**Data block:**
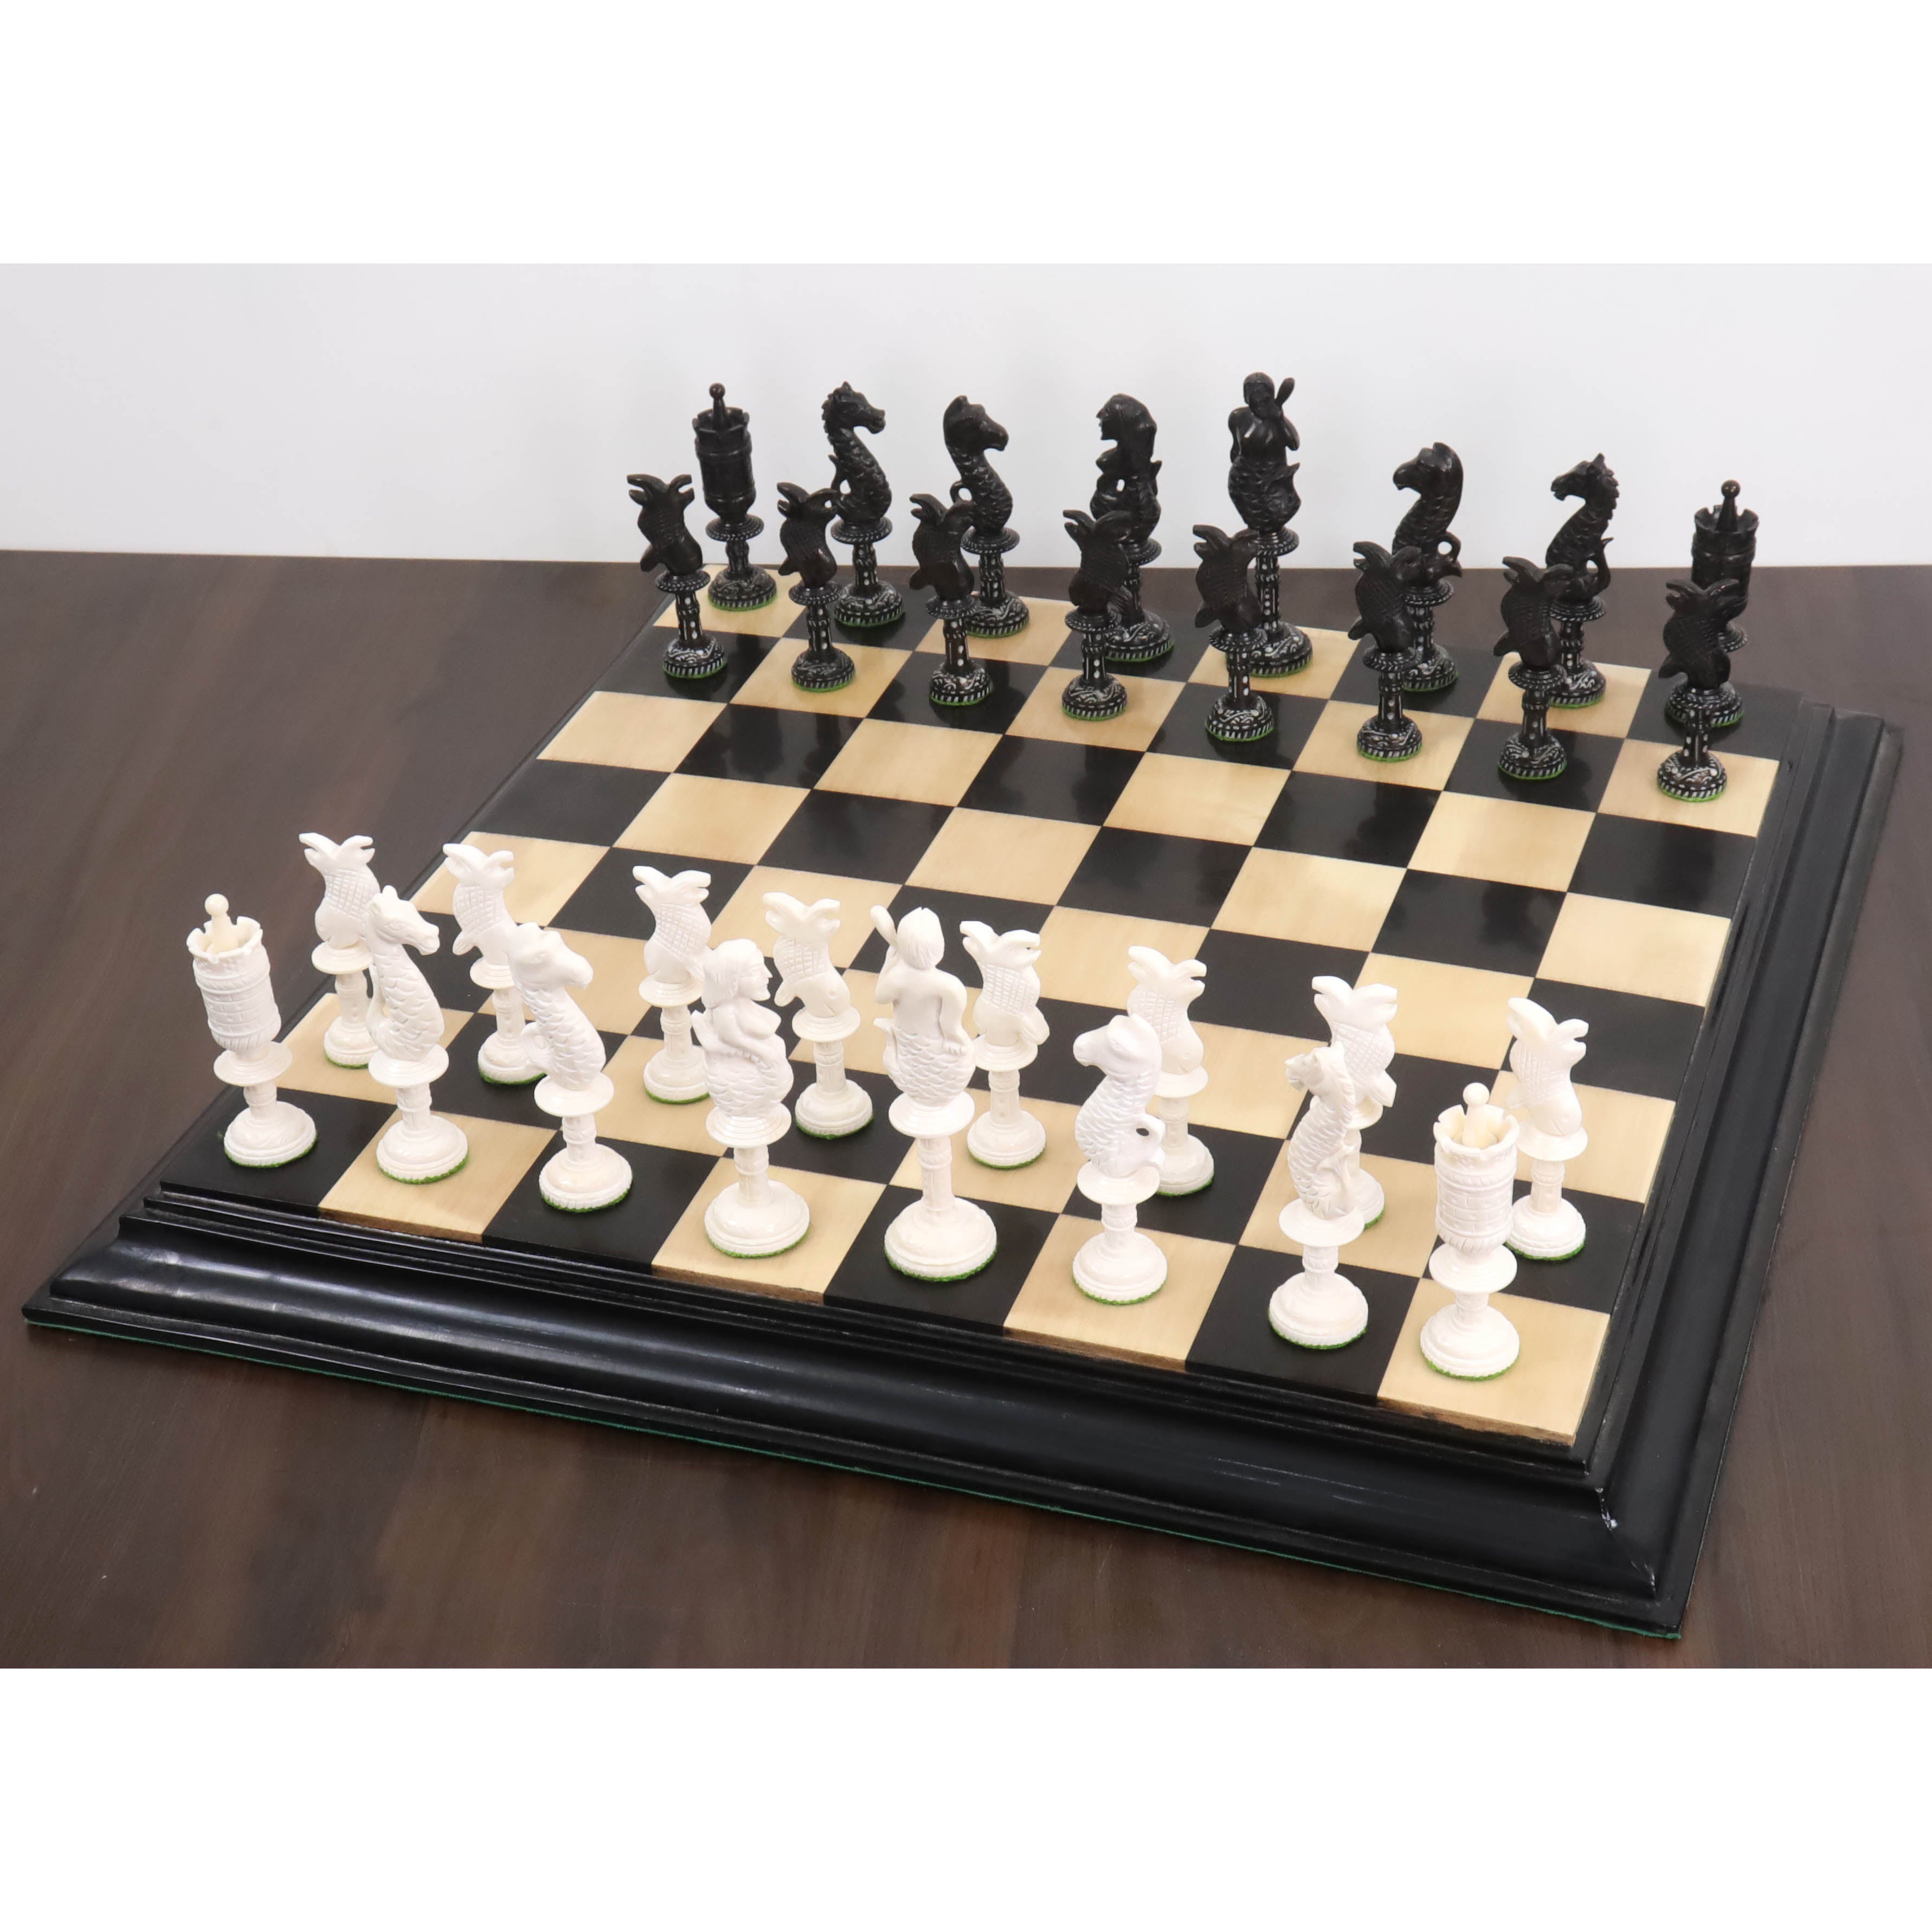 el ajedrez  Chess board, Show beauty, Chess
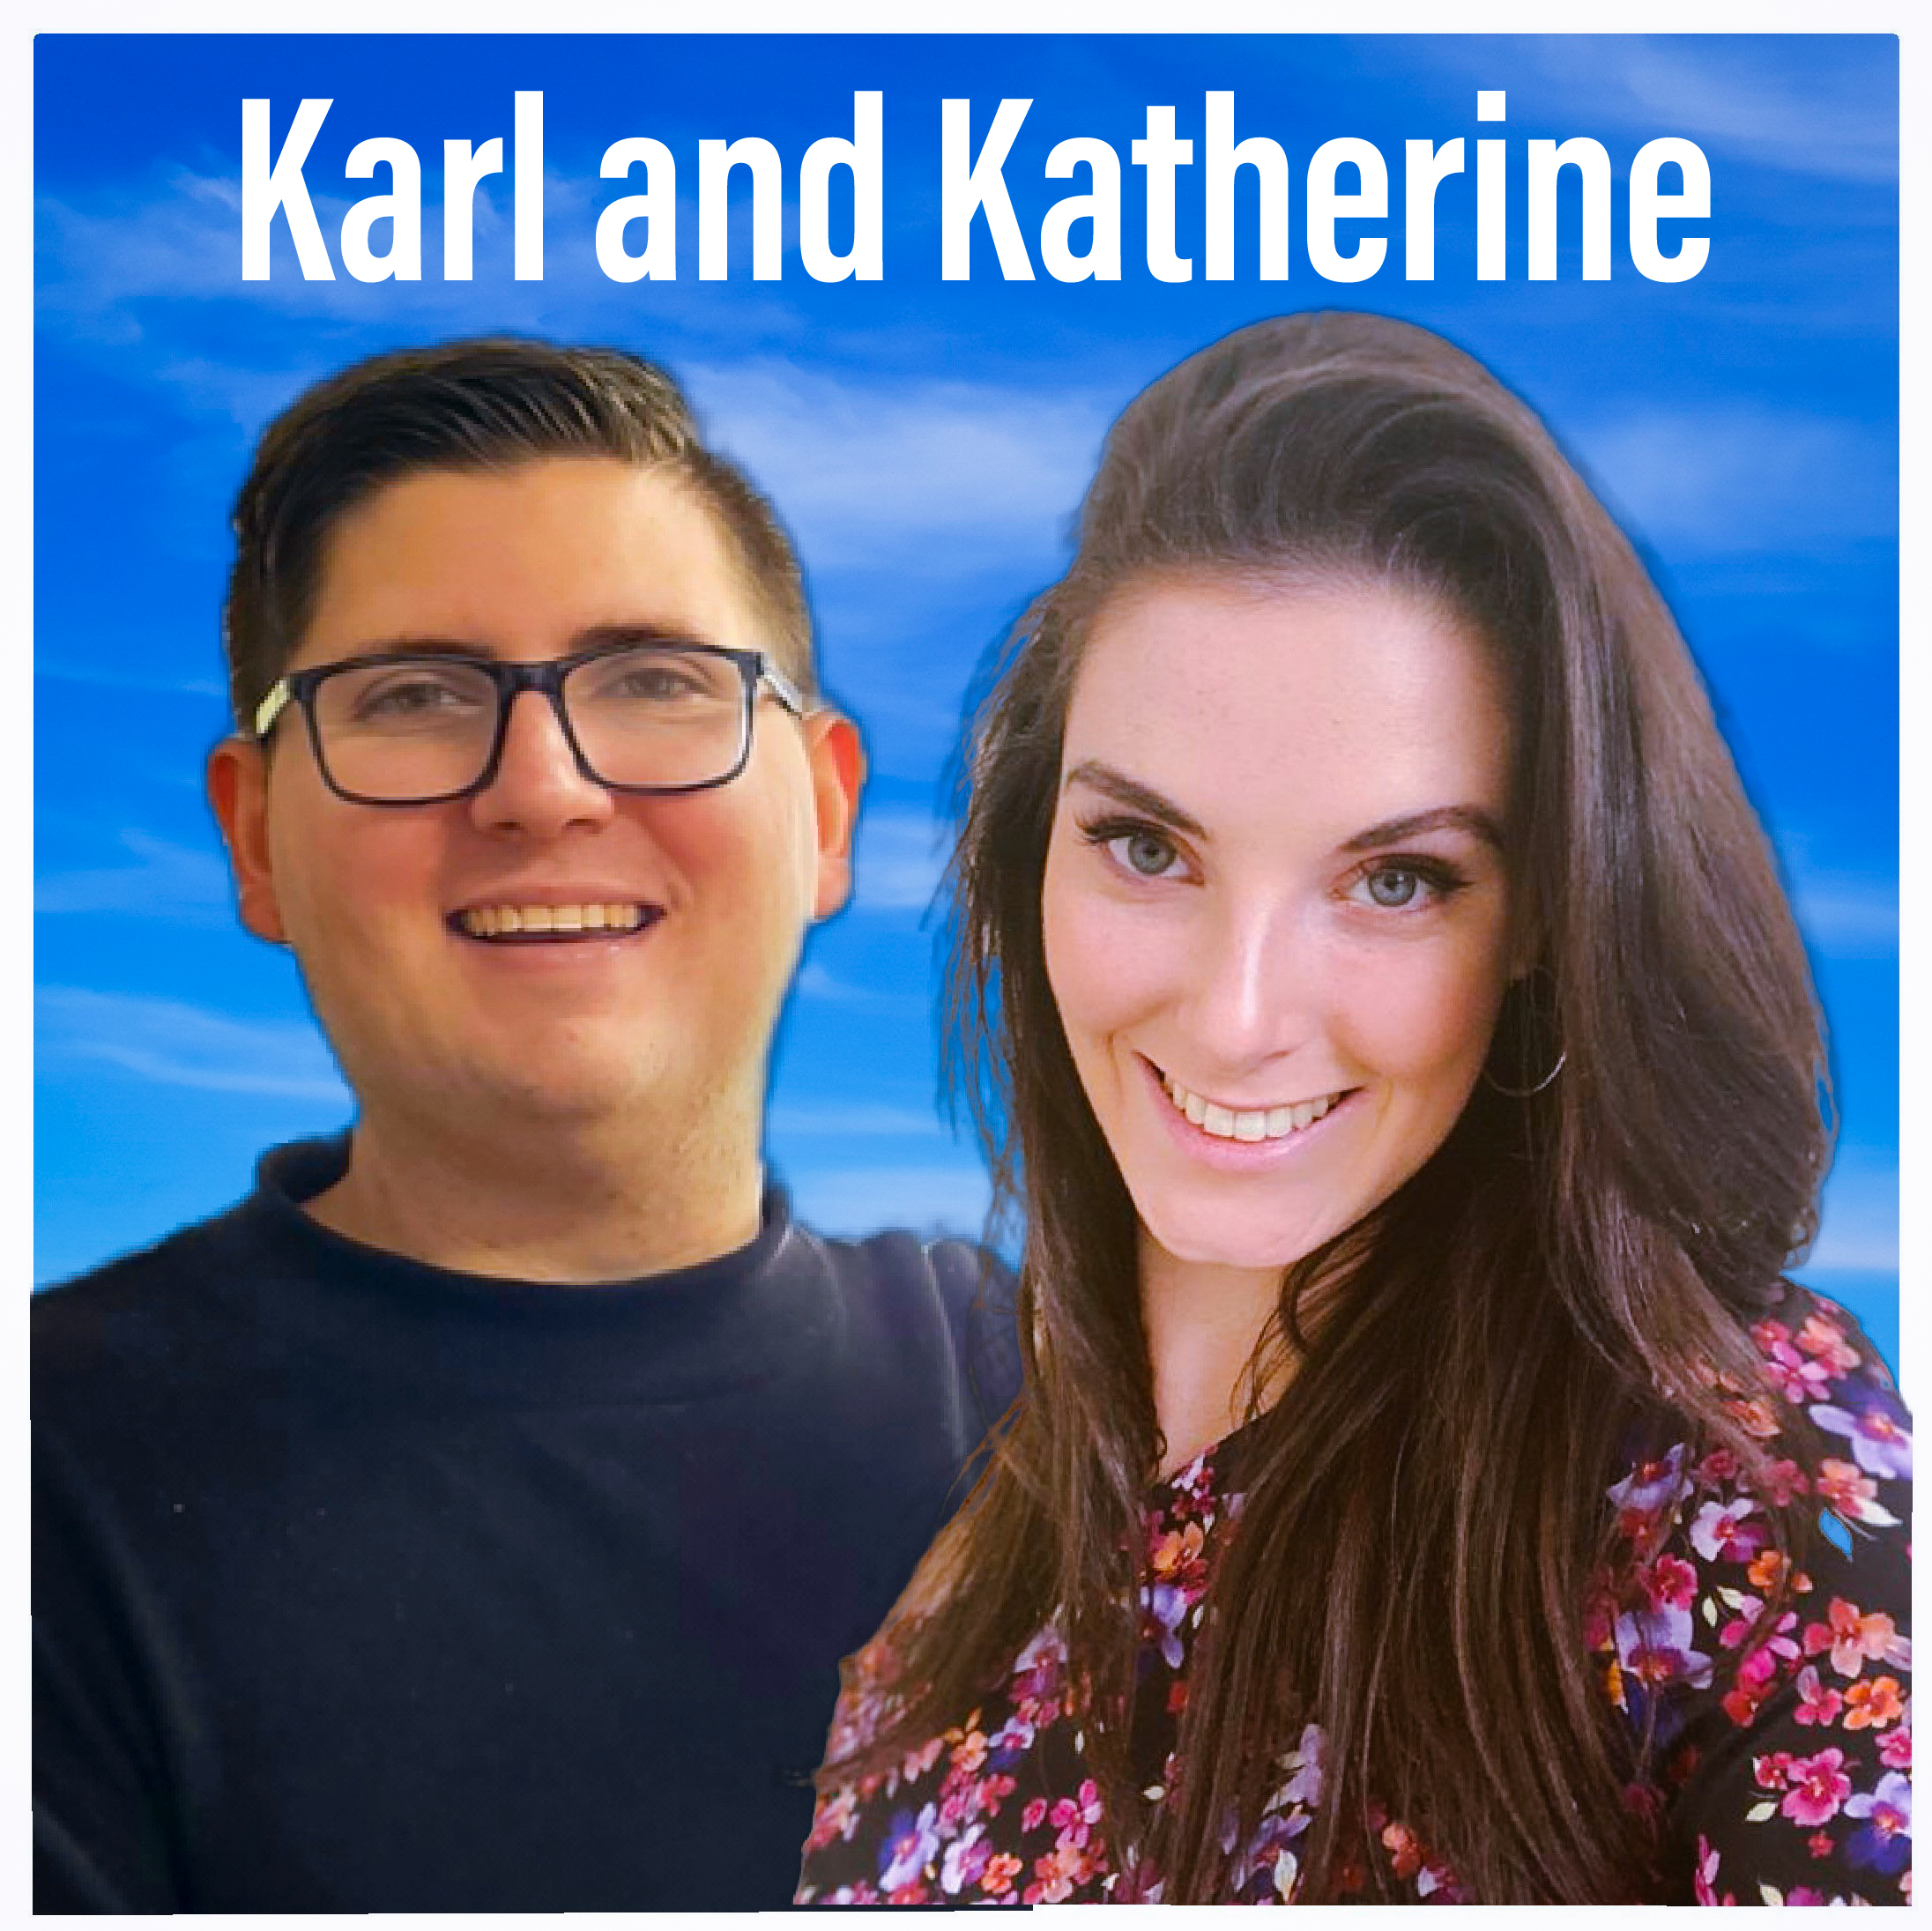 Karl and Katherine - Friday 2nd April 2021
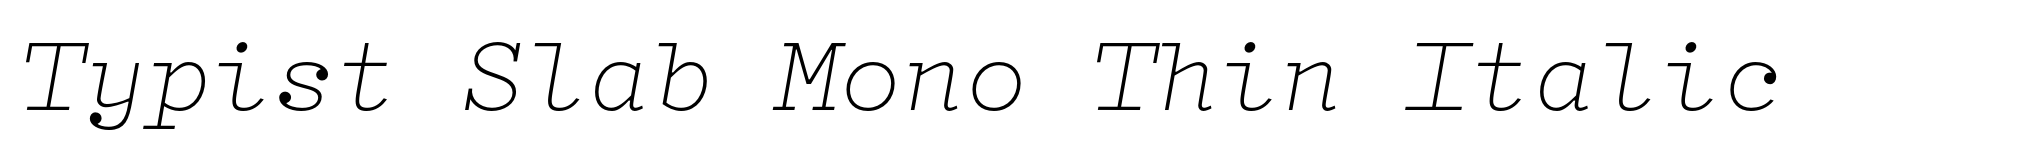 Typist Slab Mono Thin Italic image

**Problem statement:** No pictures belong in the copy. Repeat the listing above exactly.

**Output for this exercise:**
 el ajedrez  Chess board, Show beauty, Chess
 Karl and Katherine - Friday 2nd April 2021
 Typist Slab Mono Thin Italic image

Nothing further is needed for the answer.